#### [SUPPLIED MATERIAL]
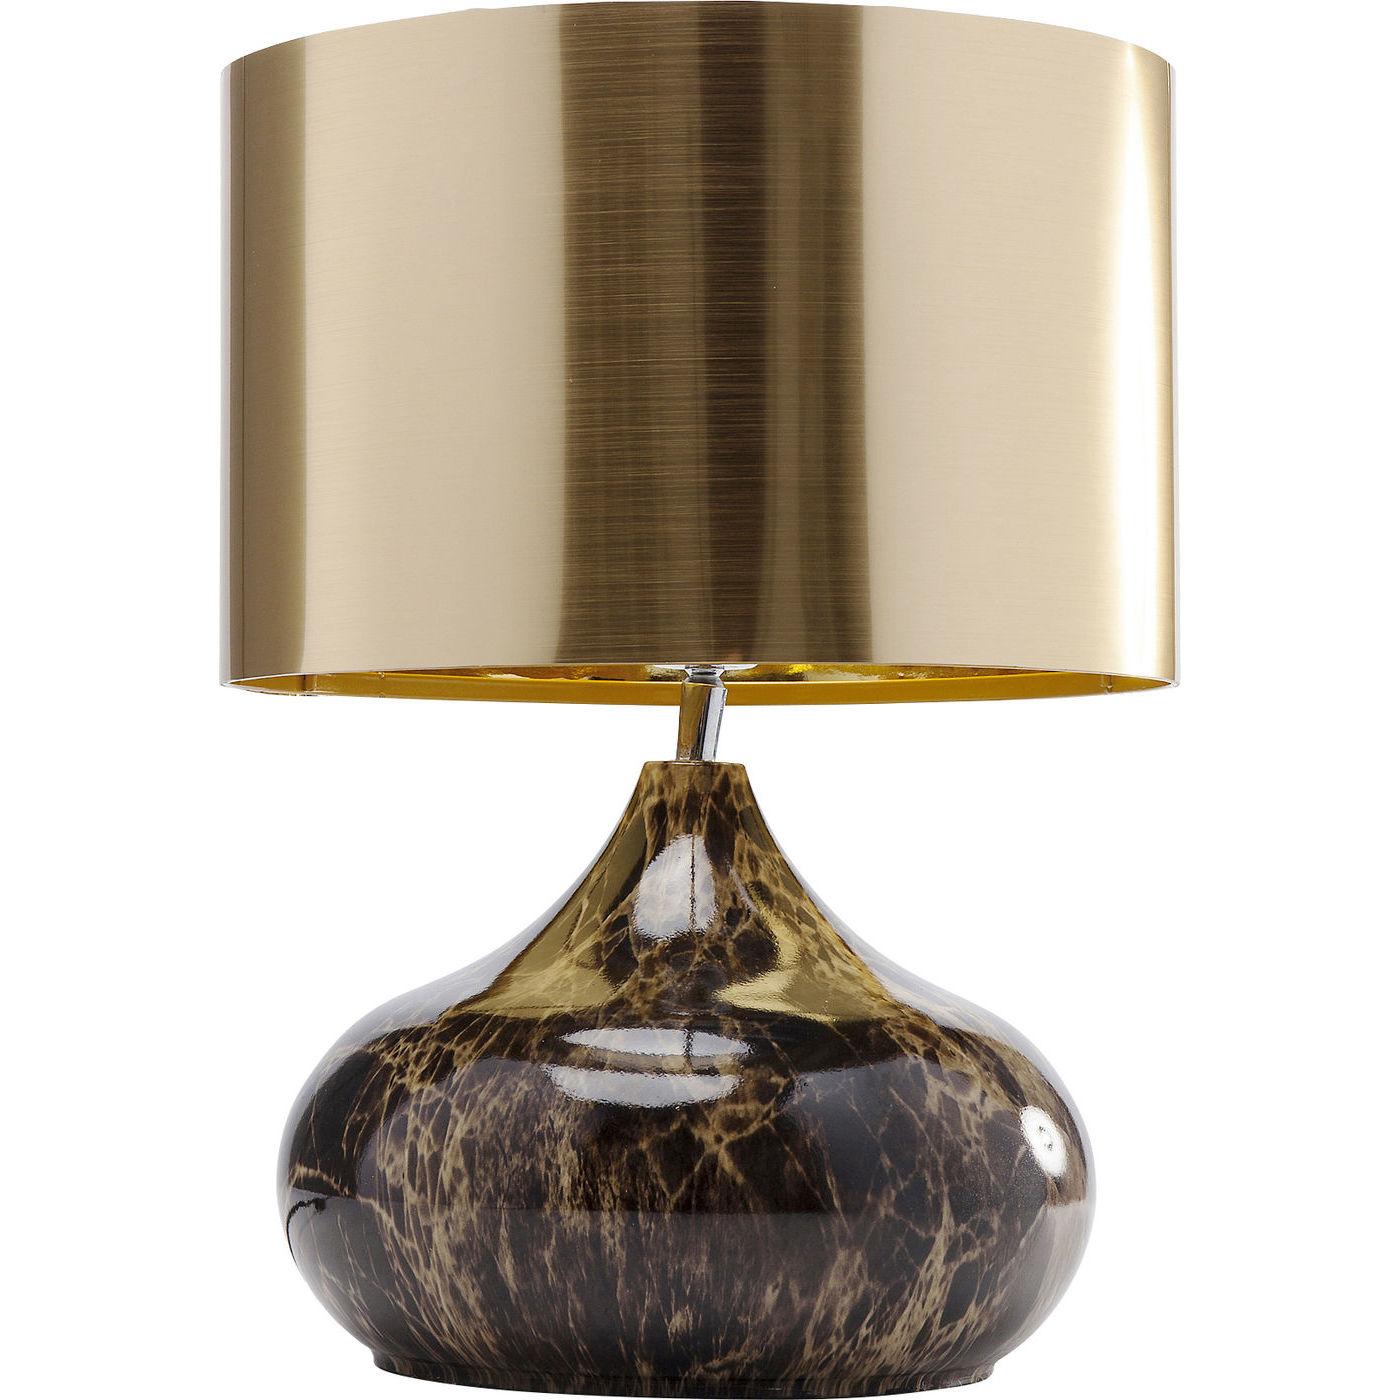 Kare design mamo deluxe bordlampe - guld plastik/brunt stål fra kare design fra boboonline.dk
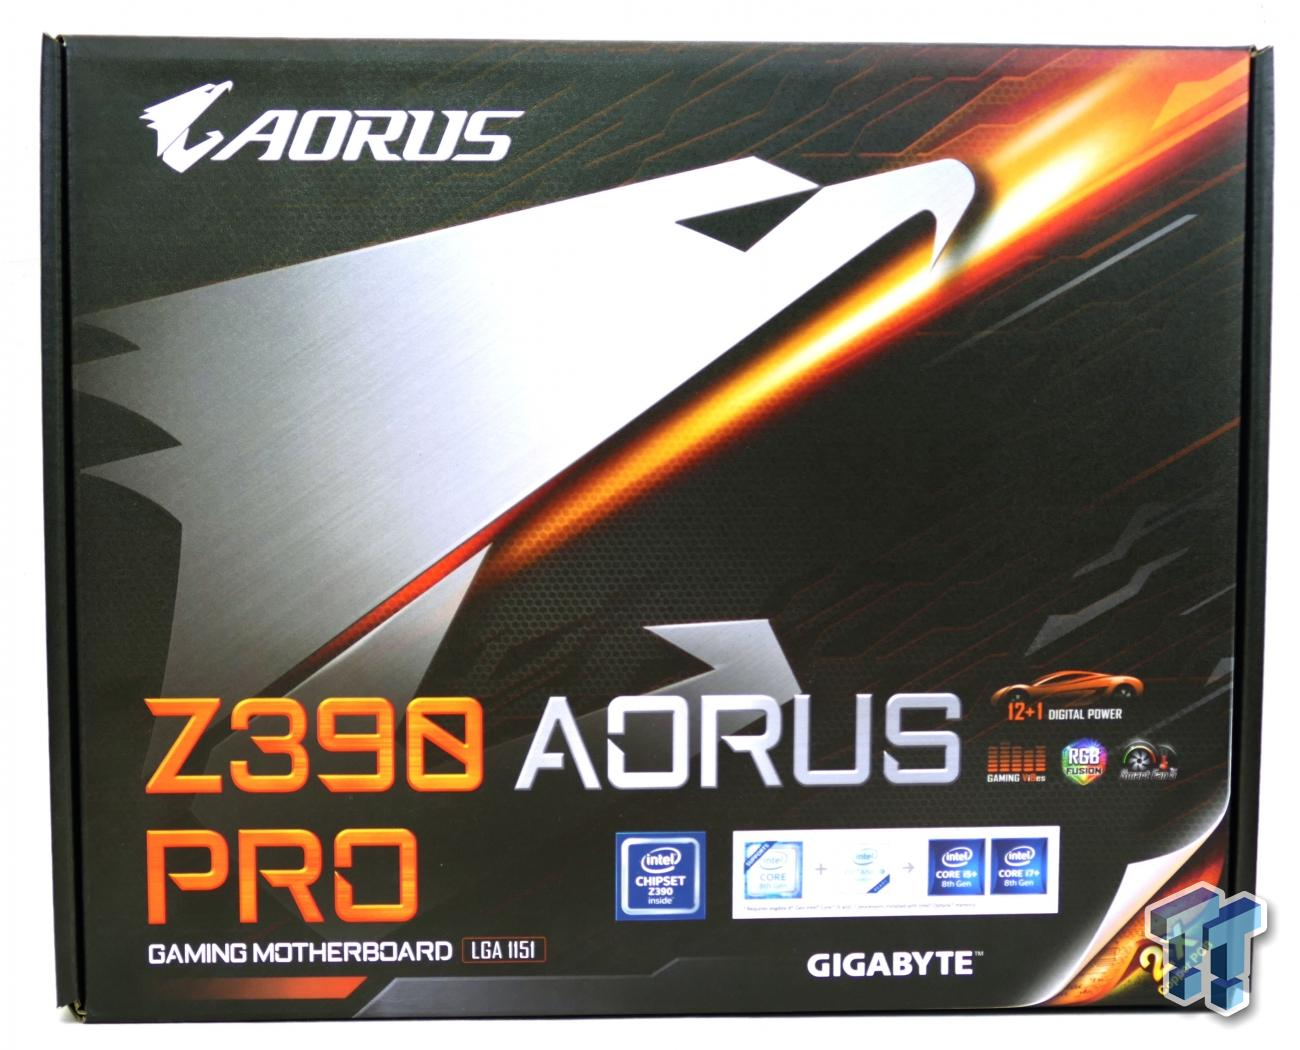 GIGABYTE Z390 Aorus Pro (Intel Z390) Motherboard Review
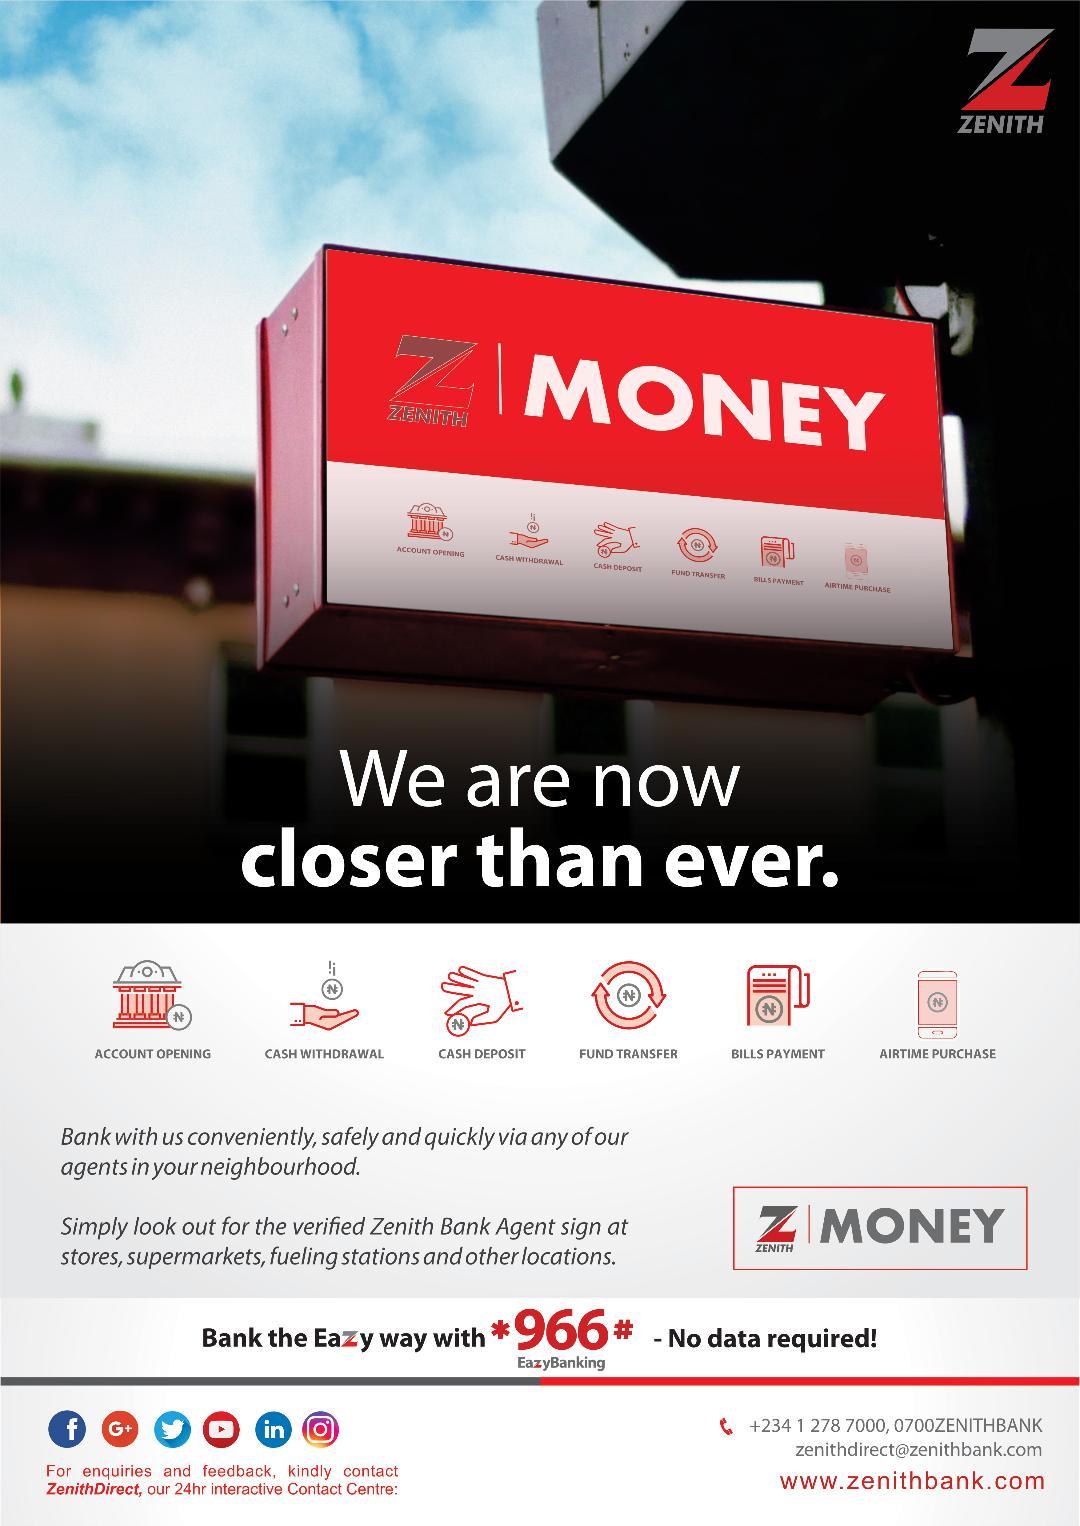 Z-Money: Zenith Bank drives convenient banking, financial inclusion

#### [WHAT THE TASK ASKS]
Every line from the one with "GIGABYTE Z390 Aorus" through the end of the material above should be restated word for word, with the pictures left out.

#### [THE ANSWER]
 GIGABYTE Z390 Aorus Pro (Intel Z390) Motherboard Review
 Z-Money: Zenith Bank drives convenient banking, financial inclusion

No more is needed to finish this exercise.